1.7 Information graph
We present the information graph only for stages 1-4 because stages 5-7 are implemented analogously to stages 1-3.
The information dependence between the layers of the graph can be stated as follows. A one-dimensional FFT depends on the results of an earlier FFT in a perpendicular direction (which was performed at a previous layer) only if the one-dimensional sections processed by these FFTs intersect each other. Consequently, each [math]FFT_{i,y,k},~i=1,...,N[/math], with respect to the second coordinate depends on the results of each [math]FFT_{x,j,k},~j=1,...,N[/math], w.r.t. the first coordinate if and only if these transformations are executed in the same plane [math]k=K[/math]. Accordingly, each [math]FFT_{i,j,z},~j=1,...,N[/math], w.r.t. the third coordinate depends on each [math]FFT_{i,y,k},~k=1,...,N[/math], w.r.t. the second coordinate if they belong to the same plane [math]i=I[/math].
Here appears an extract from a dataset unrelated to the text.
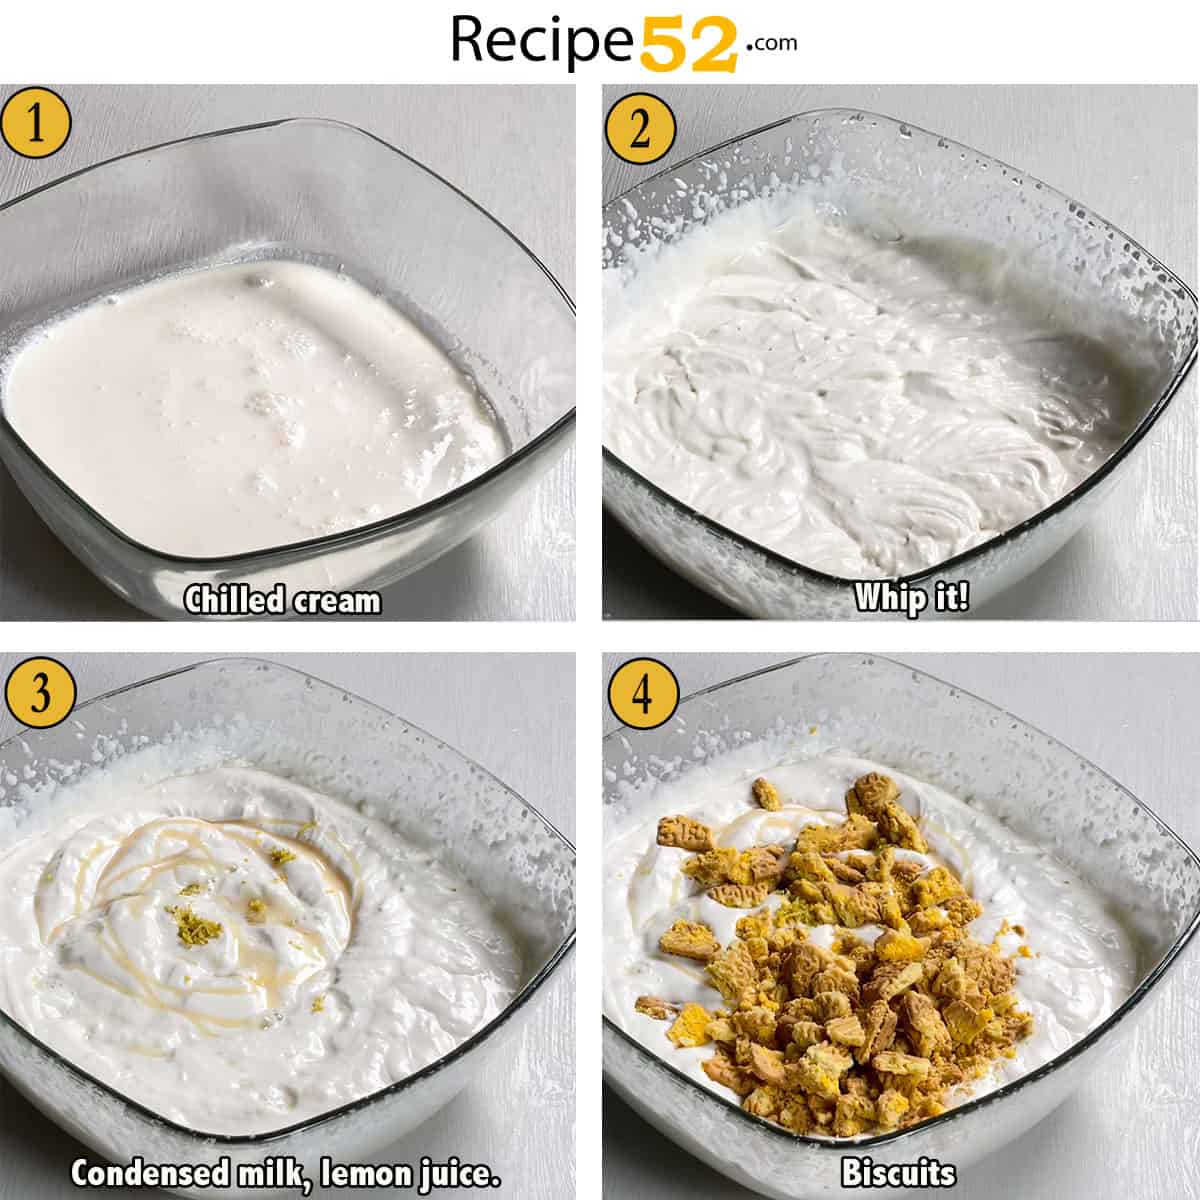 Steps to whip cream and assemble.
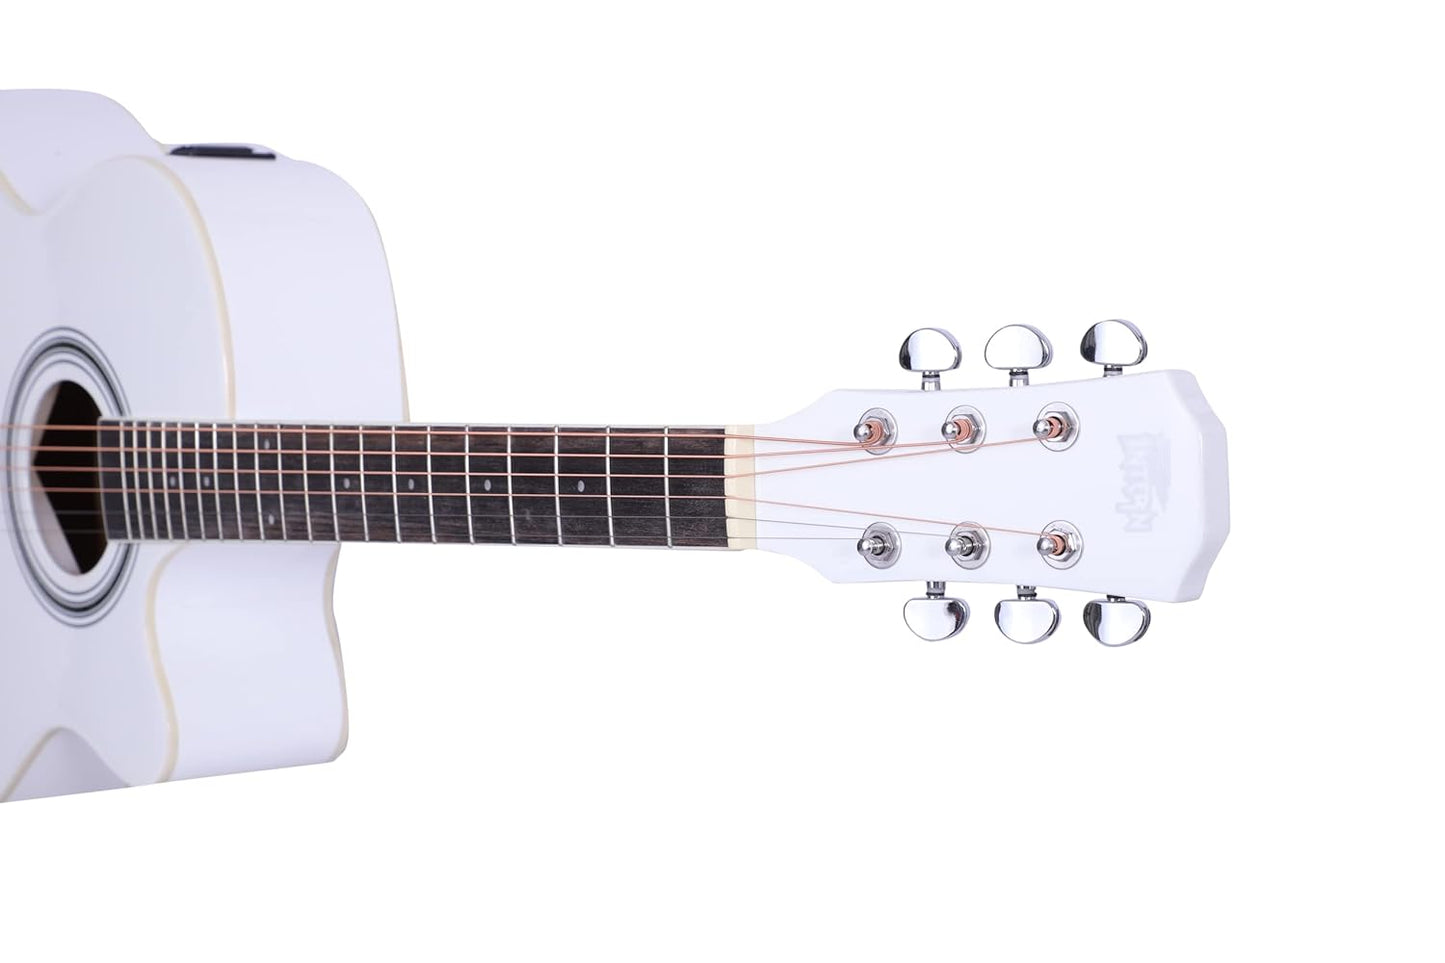 INTERN 40 inches Acoustic Guitar with Pick-up & truss rod, carry bag, strings pack, strap & picks. Premium Wooden durable built, Best tonal stability with professional sound amplificaiton. (White).

1.8 Parallelization resource of the algorithm
One can distinguish at least two levels of parallelism in the above algorithm. In the first place, the execution of each one-dimensional FFT can be distributed between computational cores. Second, at each stage of the algorithm (that is, at each layer of the graph), one-dimensional FFTs are independent of each other and can be performed in parallel (coordinate parallelism). In order to compare the parallel complexity (under coordinate parallelization) and the serial one, we take the one-dimensional FFT and the entrywise updating of the array (stage 4 of the algorithm) as the basic operations. Then the serial algorithm consists of [math]6N^2[/math] one-dimensional FFTs, executed sequentially, and [math]N^3[/math] operations over individual array entries. As for the parallel algorithm, it performs 6 steps of one-dimensional FFTs and one step of entrywise modification. By expressing the macro operations introduced above in terms of elementary arithmetic operations, we conclude that the complexity of the serial algorithm is [math]6N^3(\text{log}_2N)+N^3[/math] operations, whereas the complexity of the parallel algorithm is [math]6N(\text{log}_2N)+1[/math] operations. It follows that, for large [math]N[/math], the ratio of the serial to parallel complexity tends to [math]\propto N^2(6\text{log}_2N \text{ln}2+\text{ln}2+5)[/math].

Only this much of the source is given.